Automatic De-Duplication Using Scripts - Administrator Guide - 8 - Cortex XSOAR - Cortex - Security Operations

Cortex XSOAR Administrator Guide

Product
Cortex XSOAR
Version
8
Creation date
2023-11-02
Last date published
2024-02-14
Category
Administrator Guide
Abstract

Automate de-duplication of incidents using scripts. Identify and close duplicate incidents in Cortex XSOAR.

There are various scripts you can use in scripts and playbooks to identify and close duplicate incidents:

  • FindSimilarIncidentsByText

  • FindSimilarIncidents

FindSimilarIncidentsByText
  • Identifies similar incidents based on text similarity. For this script you specify incident keys, labels, or custom fields.

  • The comparison is based on the TF-IDF method.

  • A score is calculated for each candidate (0-1), and incidents are considered duplicates when exceeding the threshold. The default threshold is 98%.

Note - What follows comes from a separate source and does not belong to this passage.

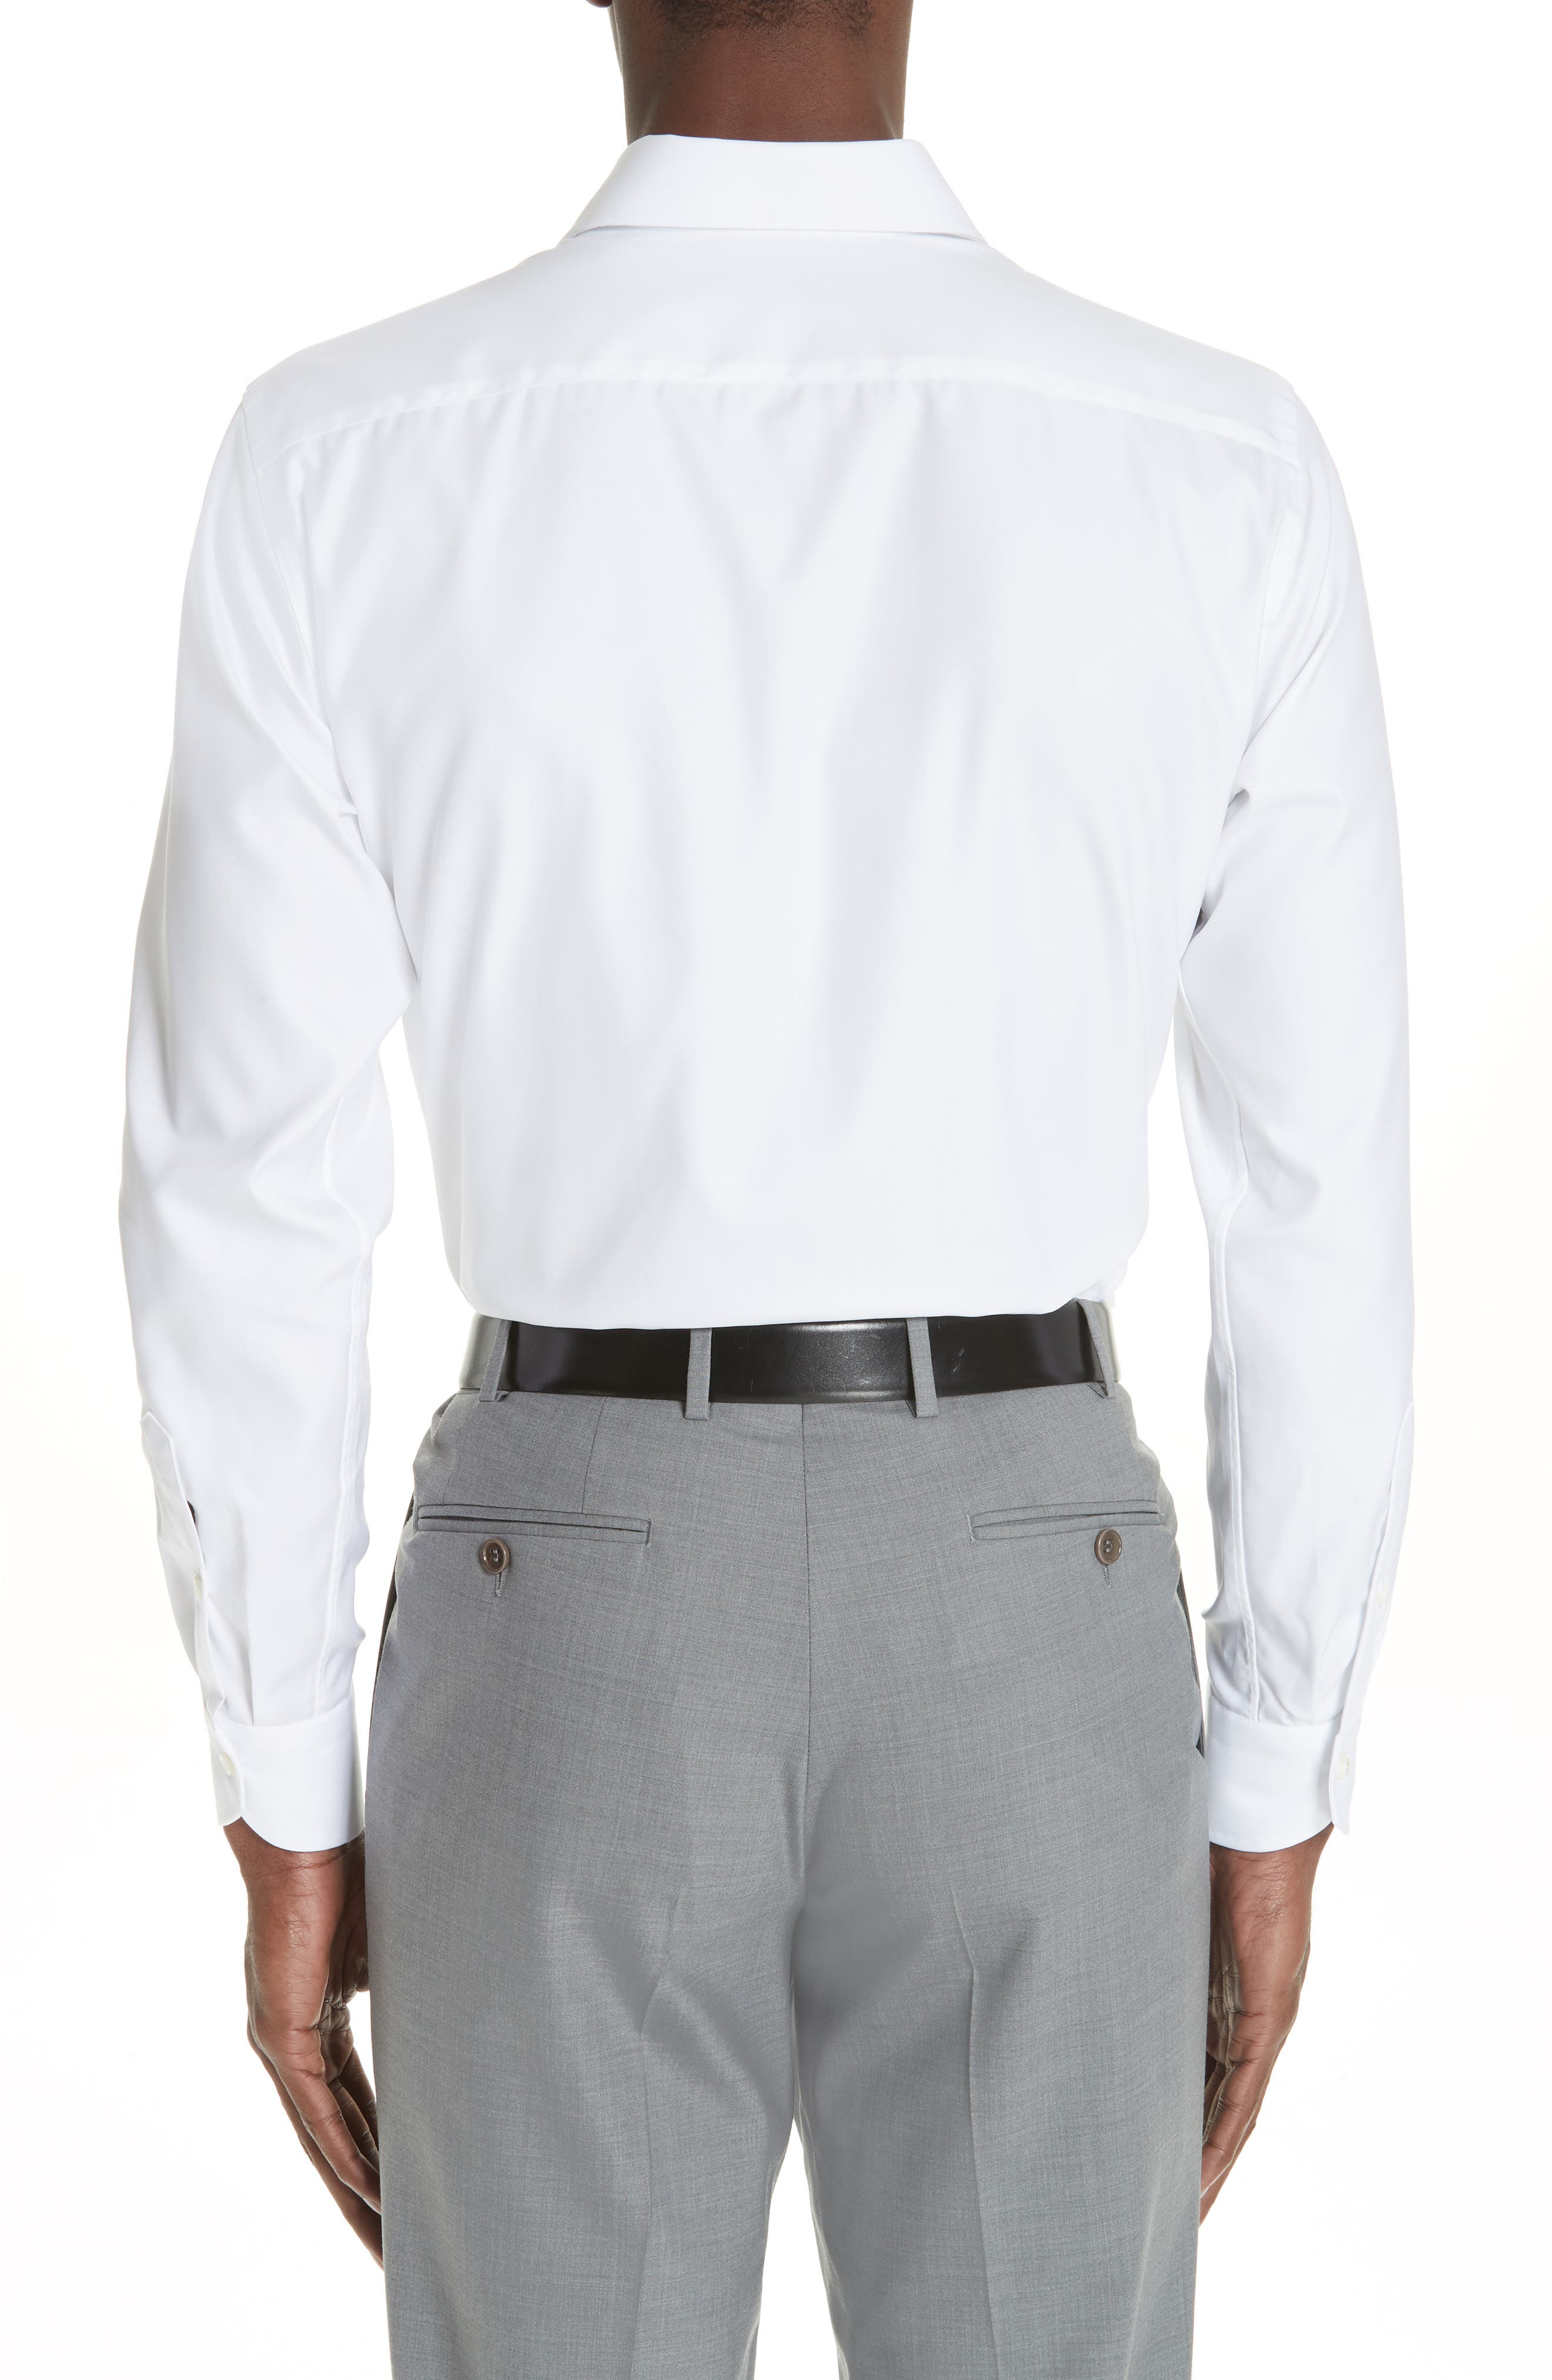 Regular Fit Solid Dress Shirt,                             Alternate thumbnail 3, color,                             WHITE
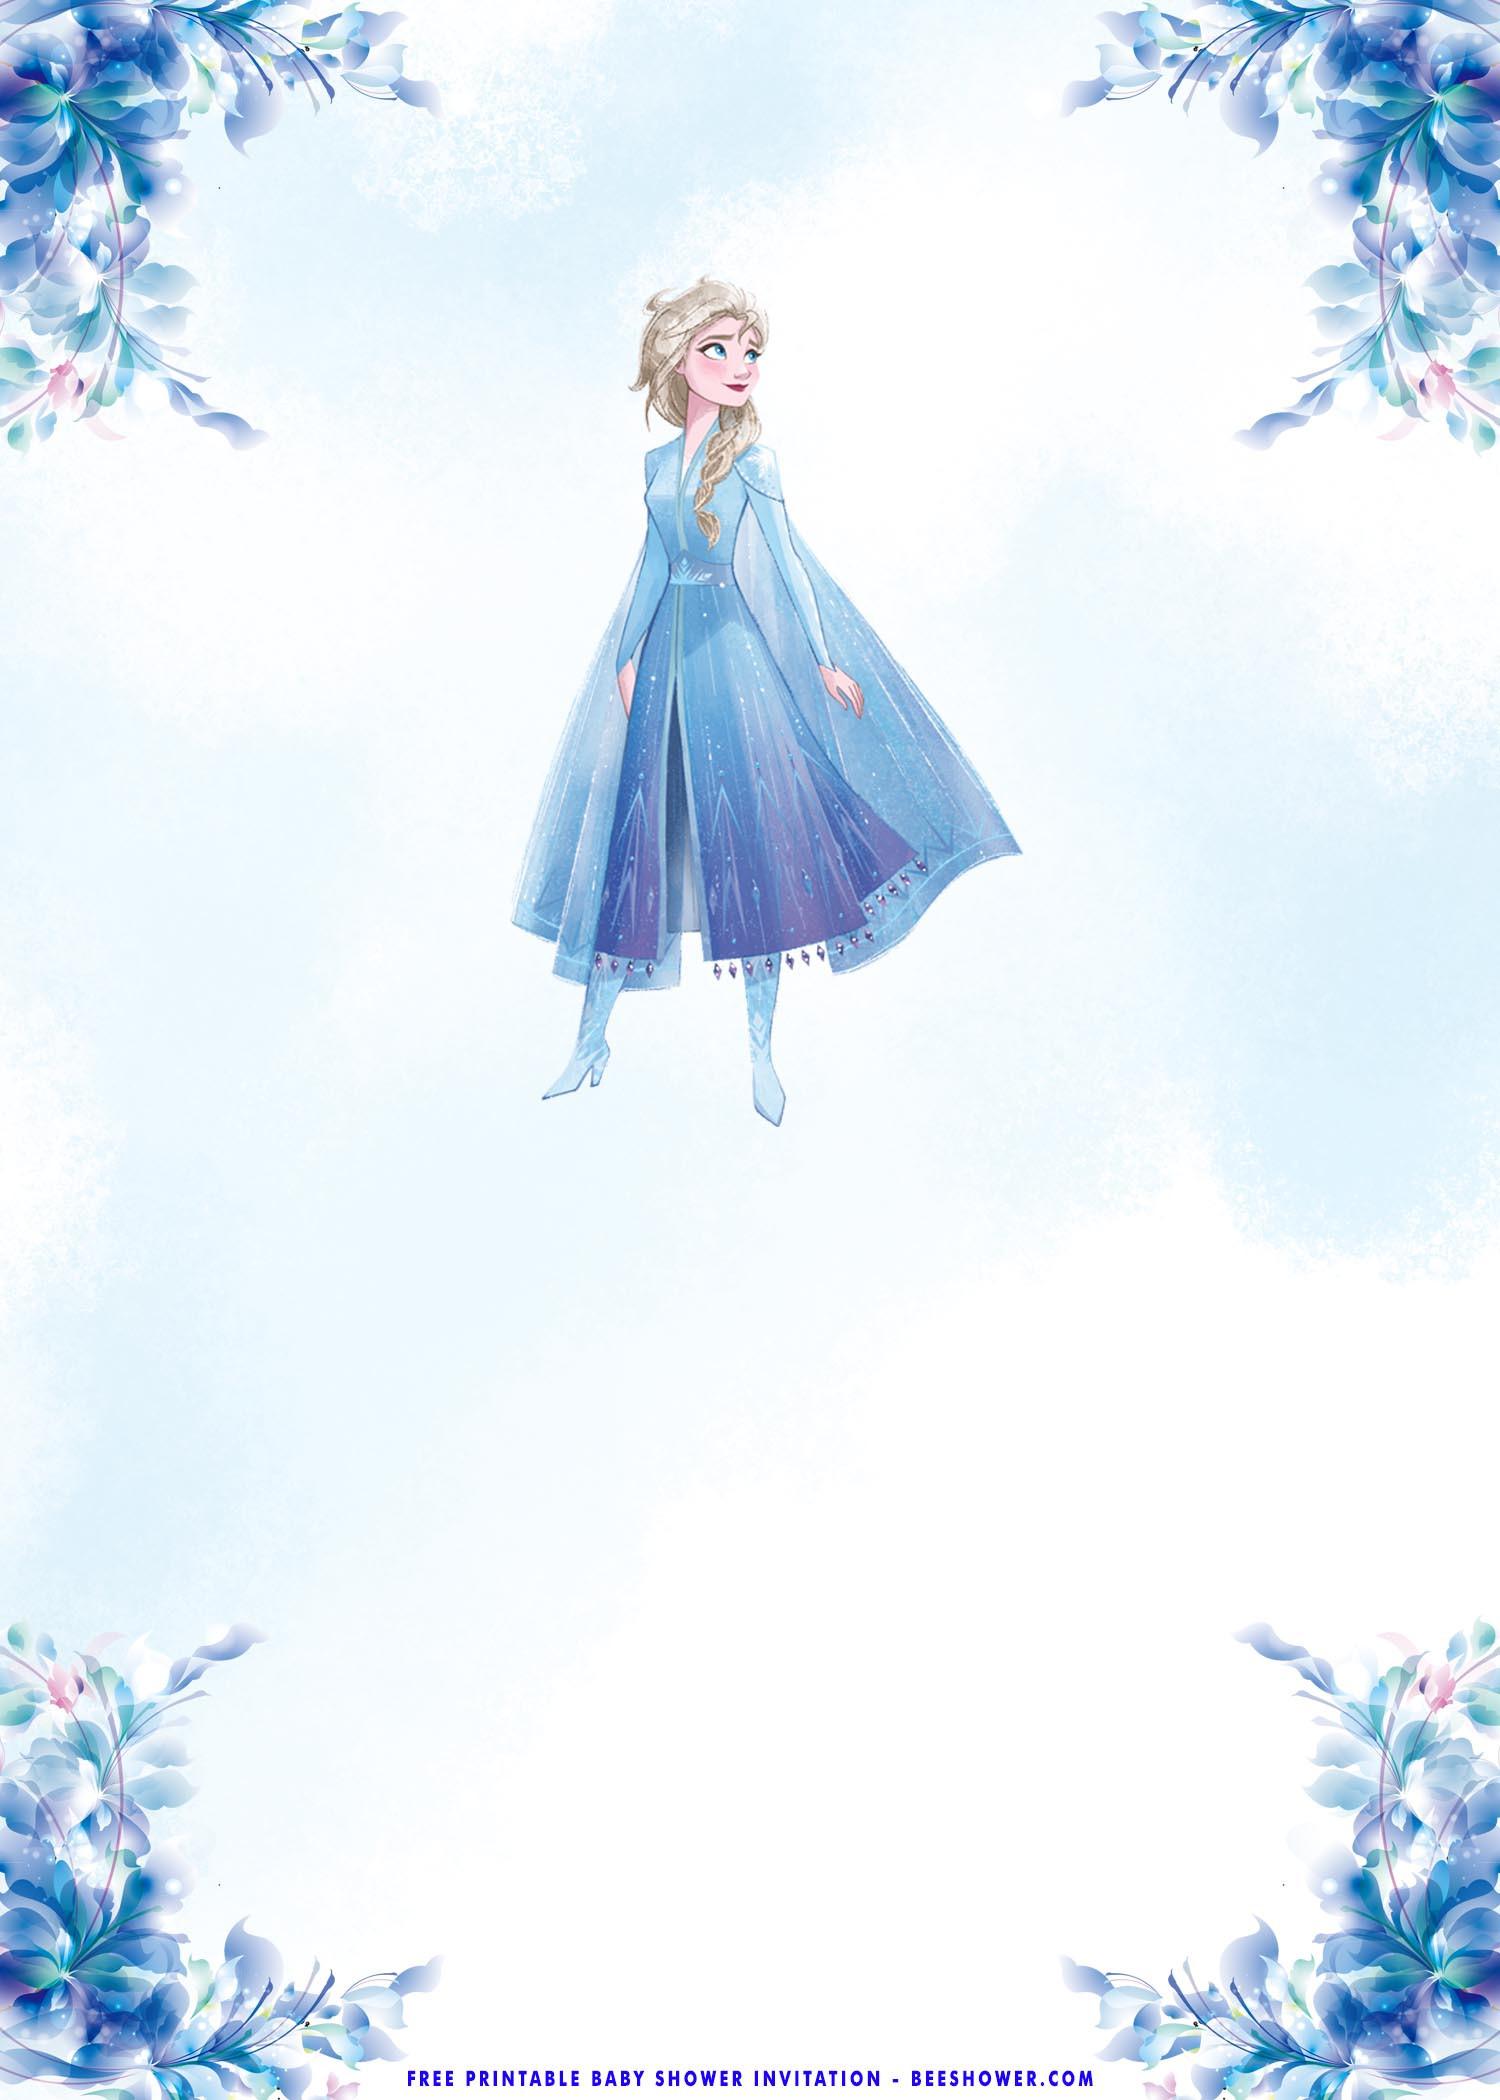 Frozen Invitations Printable Free Printable – Frozen Elsa Baby Shower Invitation

!FindSimilarIncidentsByText textFields=name,details maximumNumberOfIncidents=1000 threshold=0.95 timeFrameHours=24 ignoreClosedIncidents=no

This command example checks for duplicate incidents using the following methodology:

  1. Query for duplicate candidates:

    • Incidents created in the previous 24 hours [timeFrameHours=24].

    • Includes closed incidents [ignoreClosedIncidents].

    • Maximum number of incidents to check is 1,000 [maximumNumberOfIncidents=1000].

  2. For each candidate, concatenate name and details incident fields [textFields=name,details] into a text document.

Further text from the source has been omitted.